Comments on revisions:

The authors have addressed all my concerns.

Reviewer #2 (Public review):

Sourmpis et al. present a study in which the importance of including certain inductive biases in the fitting of recurrent networks is evaluated with respect to the generalization ability of the networks when exposed to untrained perturbations.

The work proceeds in three stages:

(i) a simple illustration of the problem is made. Two reference (ground-truth) networks with qualitatively different connectivity, but similar observable network dynamics, are constructed, and recurrent networks with varying aspects of design similarity to the reference networks are trained to reproduce the reference dynamics. The activity of these trained networks during untrained perturbations is then compared to the activity of the perturbed reference networks. It is shown that, of the design characteristics that were varied, the enforced sign (Dale's law) and locality (spatial extent) of efference were especially important.

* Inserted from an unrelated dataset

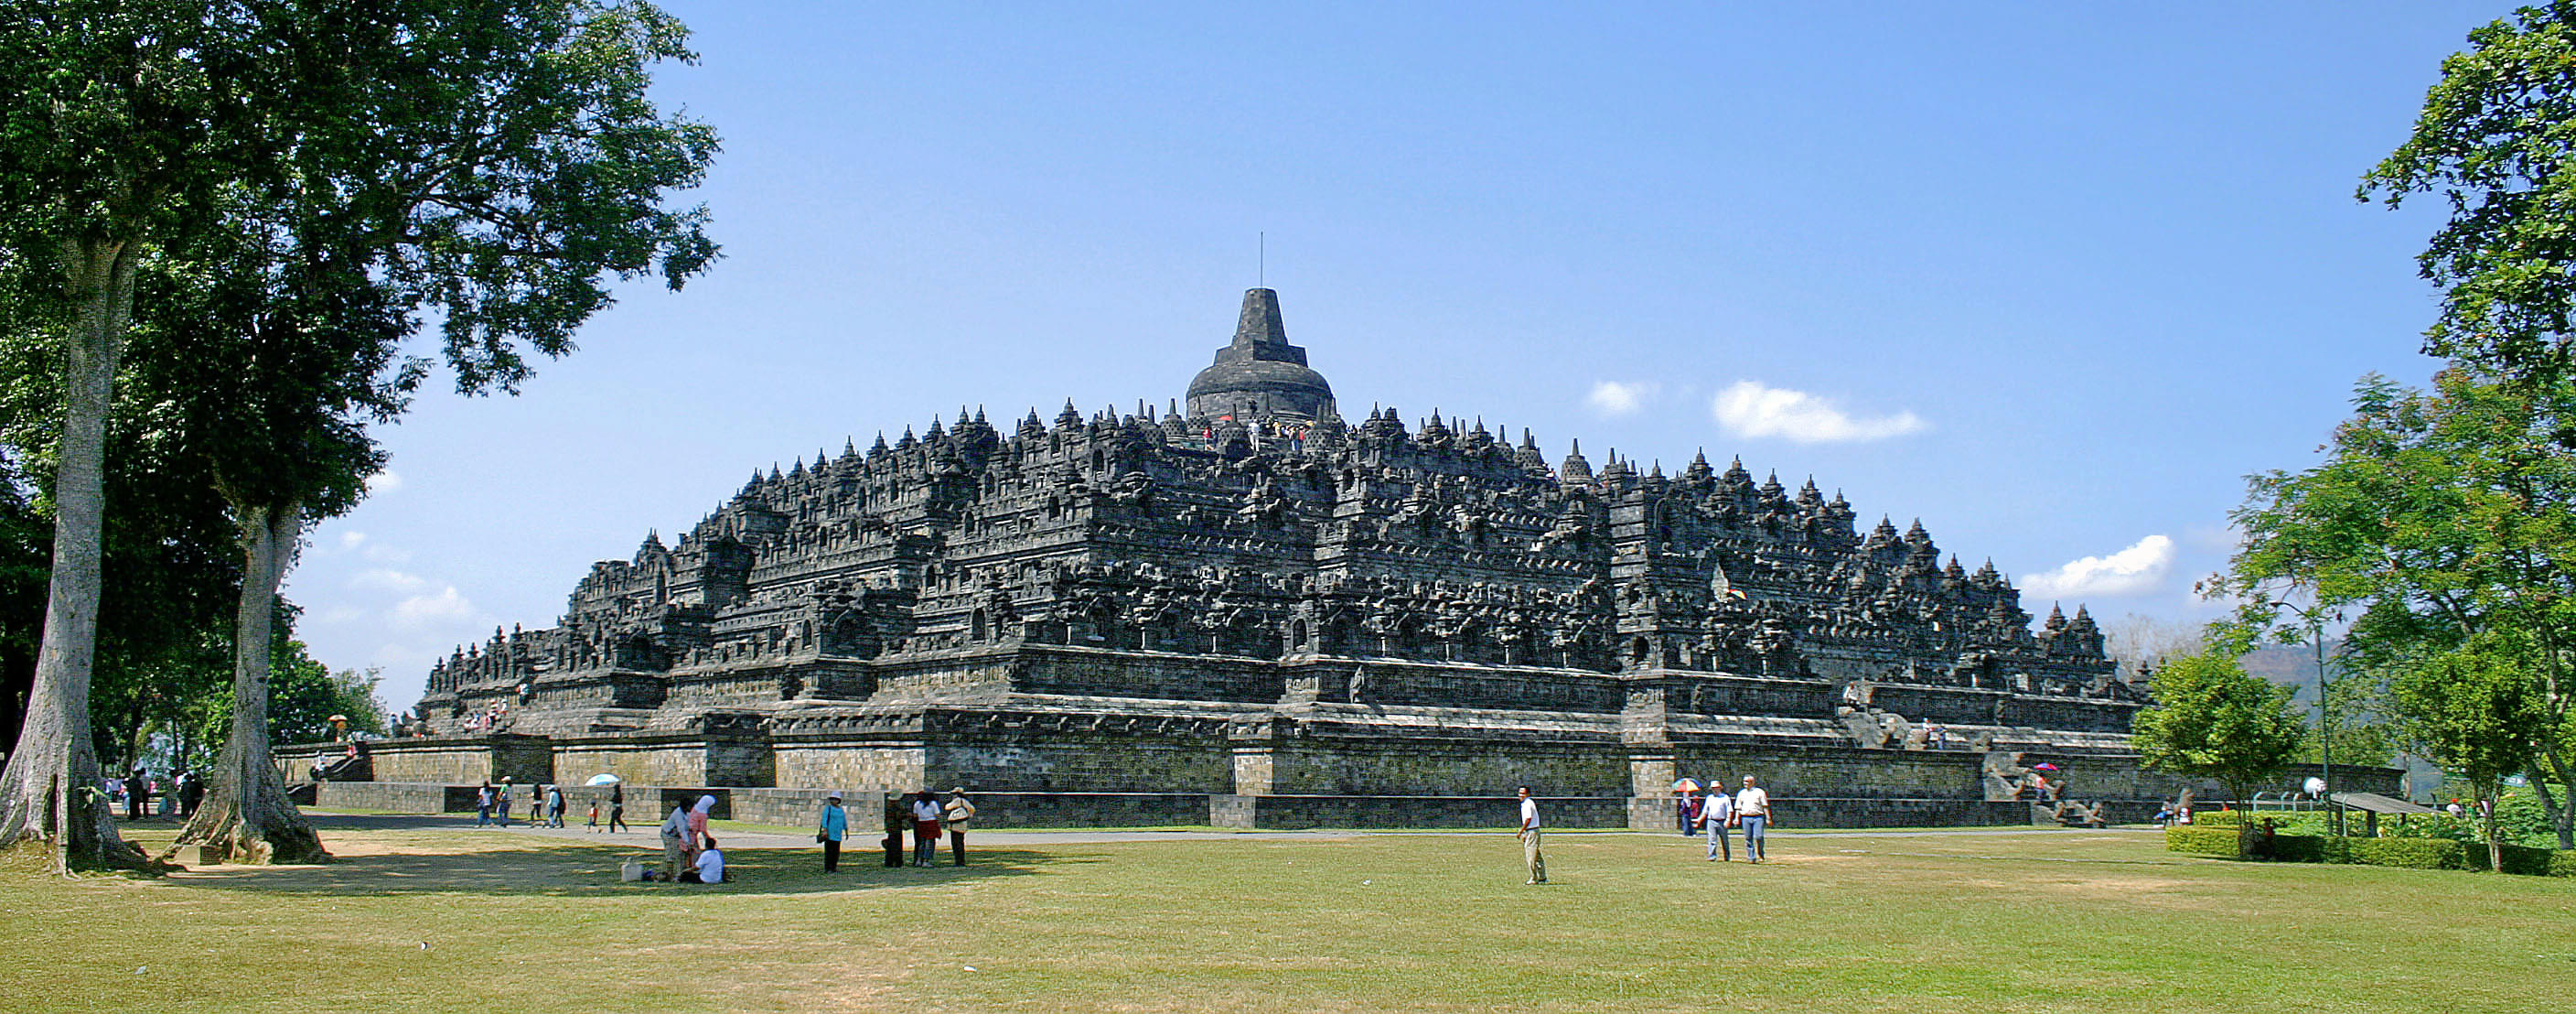 Borobudur Temple Overview

(ii) The intuition from the constructed example is then extended to networks that have been trained to reproduce certain aspects of multi-region neural activity recorded from mice during a detection task with a working-memory component. A similar pattern is demonstrated, in which enforcing the sign and locality of efference in the fitted networks has an influence on the ability of the trained networks to predict aspects of neural activity during unseen (untrained) perturbations.

(iii) The authors then illustrate the relationship between the gradient of the motor readout of trained networks with respect to the net inputs to the network units, and the sensitivity of the motor readout to small perturbations of the input currents to the units, which (in vivo) could be controlled optogenetically. The paper is concluded with a proposed use for trained networks, in which the models could be analyzed to determine the most sensitive directions of the network and, during online monitoring, inform a targeted optogenetic perturbation to bias behavior.

The authors do not overstate their claims, and in general, I find that I agree with their conclusions.

Author response:

The following is the authors’ response to the original reviews.

Public Reviews:

Reviewer #1 (Public review)

Major:

(1) In line 76, the authors make a very powerful statement: 'σRNN simulation achieves higher similarity with unseen recorded trials before perturbation, but lower than the bioRNN on perturbed trials.' I couldn't find a figure showing this. This might be buried somewhere and, in my opinion, deserves some spotlight - maybe a figure or even inclusion in the abstract.

We agree with the reviewer that these results are important. The failure of σRNN on perturbed data could be inferred from the former Figures 1E, 2C-E, and 3D. Following the reviewers' comments, we have tried to make this the most prominent message of Figure 1, in particular with the addition of the new panel E. We also moved Table 1 from the Supplementary to the main text to highlight this quantitatively.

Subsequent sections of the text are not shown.